CS 111: Lecture 3, Modularity and Virtualization
Scribe Notes for Lecture 3 on January 14, 2013,
by Shulin Jia, Qu Jin, Kwun Hang Edmond Yu, Wei Zou.
Table of Contents
Problem 1: Indirect memory access with the insl instruction is not efficient
Solution: Direct Memory Access (DMA)
Problem 2: CPU is left idle during I/O operations
Duplicate Code for read_sector function
Analysis: Performance and Software Engineering Issue
Example: Effect of Modularity on finding and fixing bugs
Good Metrics for Modularization
Stack Characteristics during the function call
In the last lecture, we introduce the Very Secure Word Counter (VSWC). There are some problems related to our approach. The BIOS, MBR, and VSWC programs need to access the disk; however, our previous approach was not efficient. We introduce two problems with it and their solutions: DMA and double buffering. In our approach to VSWC, there were several exactly the same copies of read_sector function, which will cause performance and software engineering issues; the software engineering rescue to this problem is modularization.
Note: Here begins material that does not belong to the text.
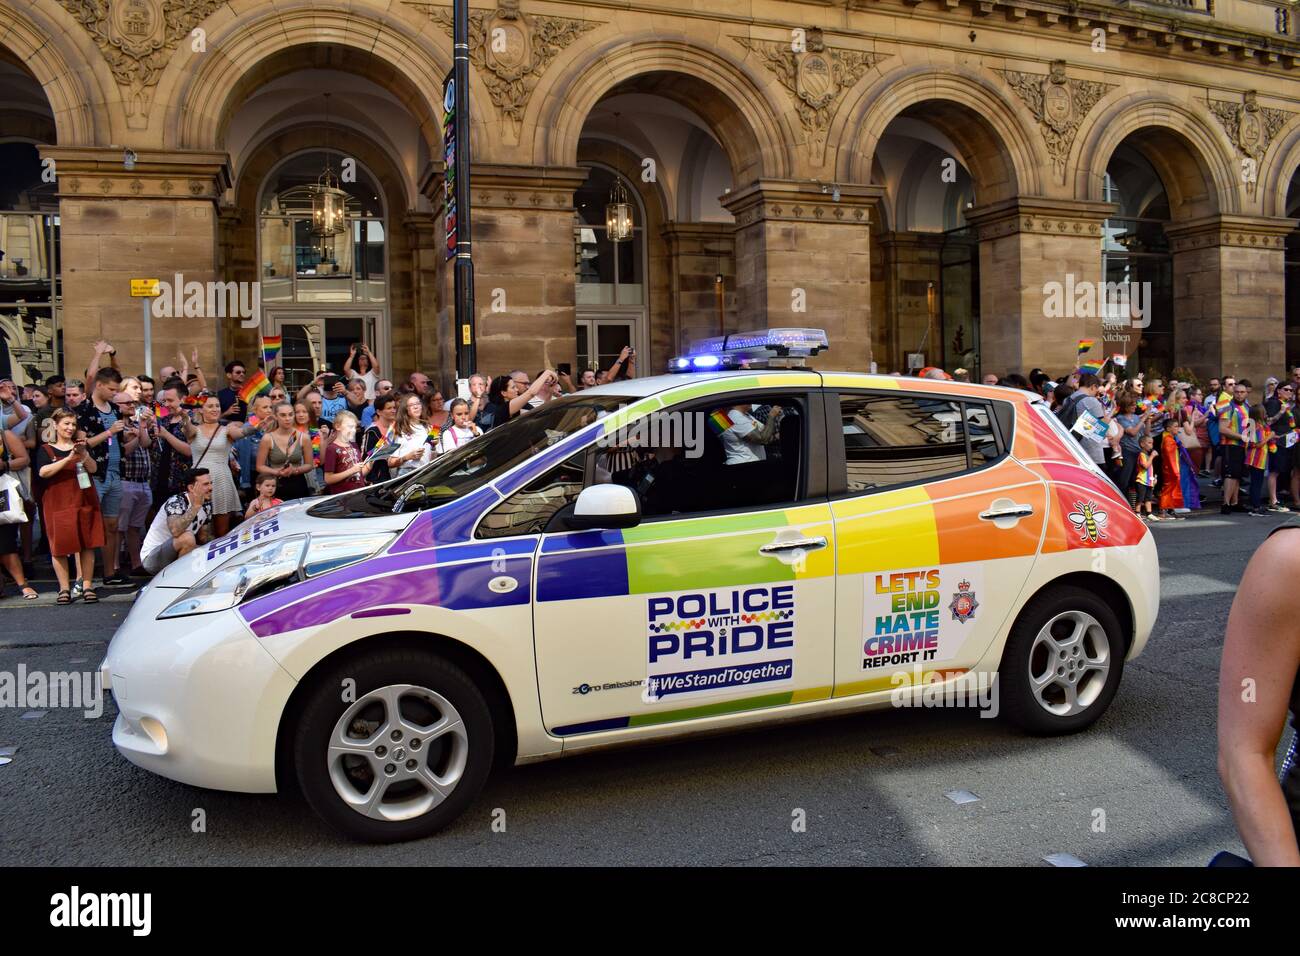 Pride parade passing in front of Radisson Hotel Manchester UK. Police car bearing Police with Pride hate crime logo and Manchester bee symbol Stock Photo
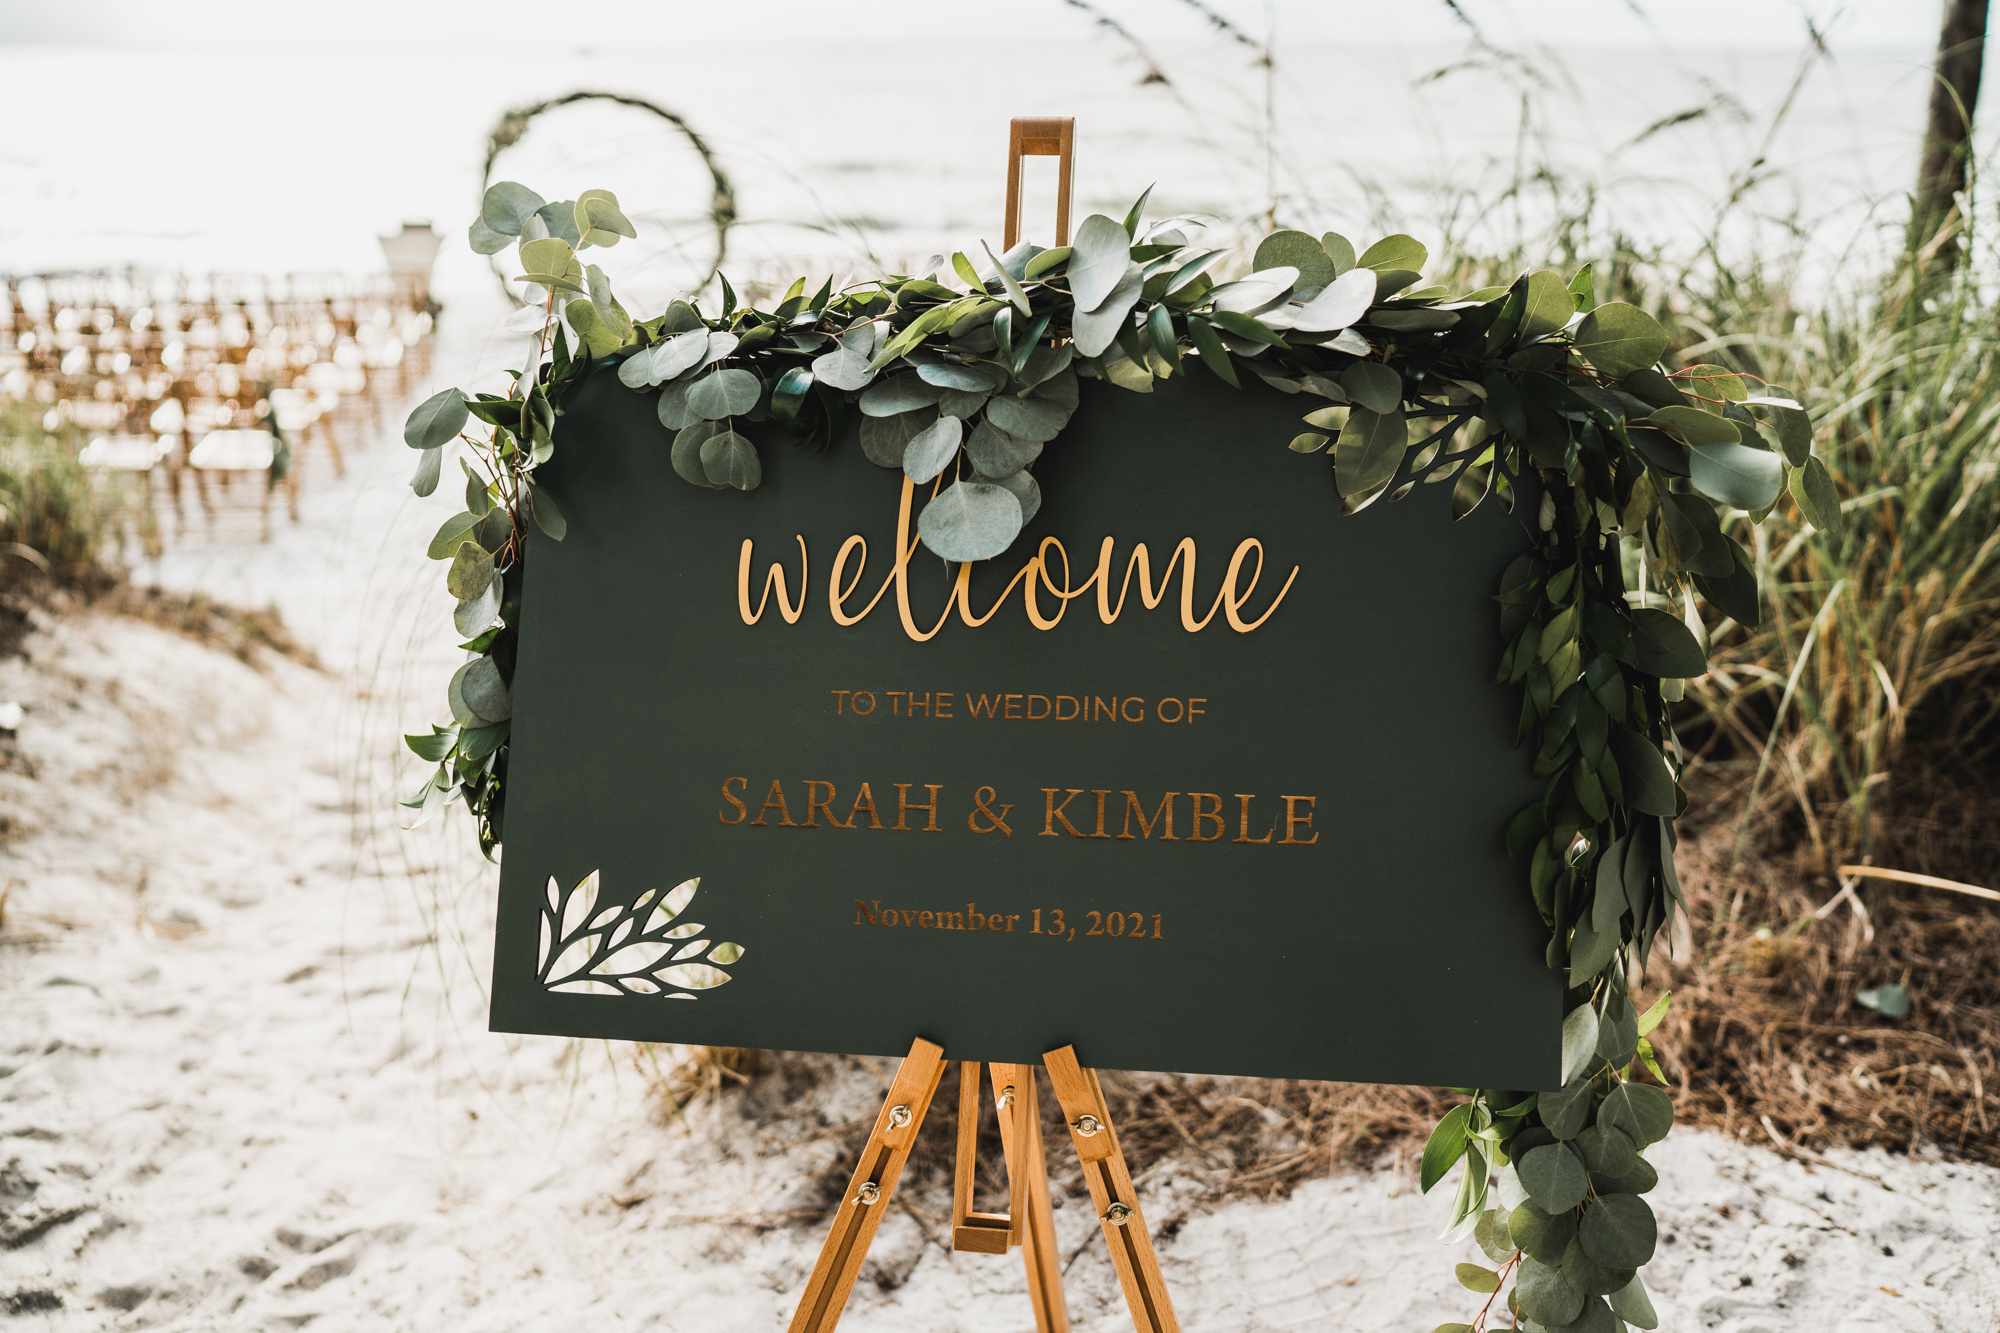 Black and Gold Welcome Wedding Sign with Cascading Eucalyptus Greenery Ceremony Decor Ideas

In our VSWC, we used insl extensively as our method to grab data from the hard disk to the RAM. However, insl is slow. As it is designed, insl transports data from the disk to the CPU before finally moving them to the RAM for use. Since all three components (the disk, CPU and RAM) shares the same bus, this method is effectively occupying the bus for twice as long as it is needed, slowing down other parts of the system as many operations require the shared bus to be free.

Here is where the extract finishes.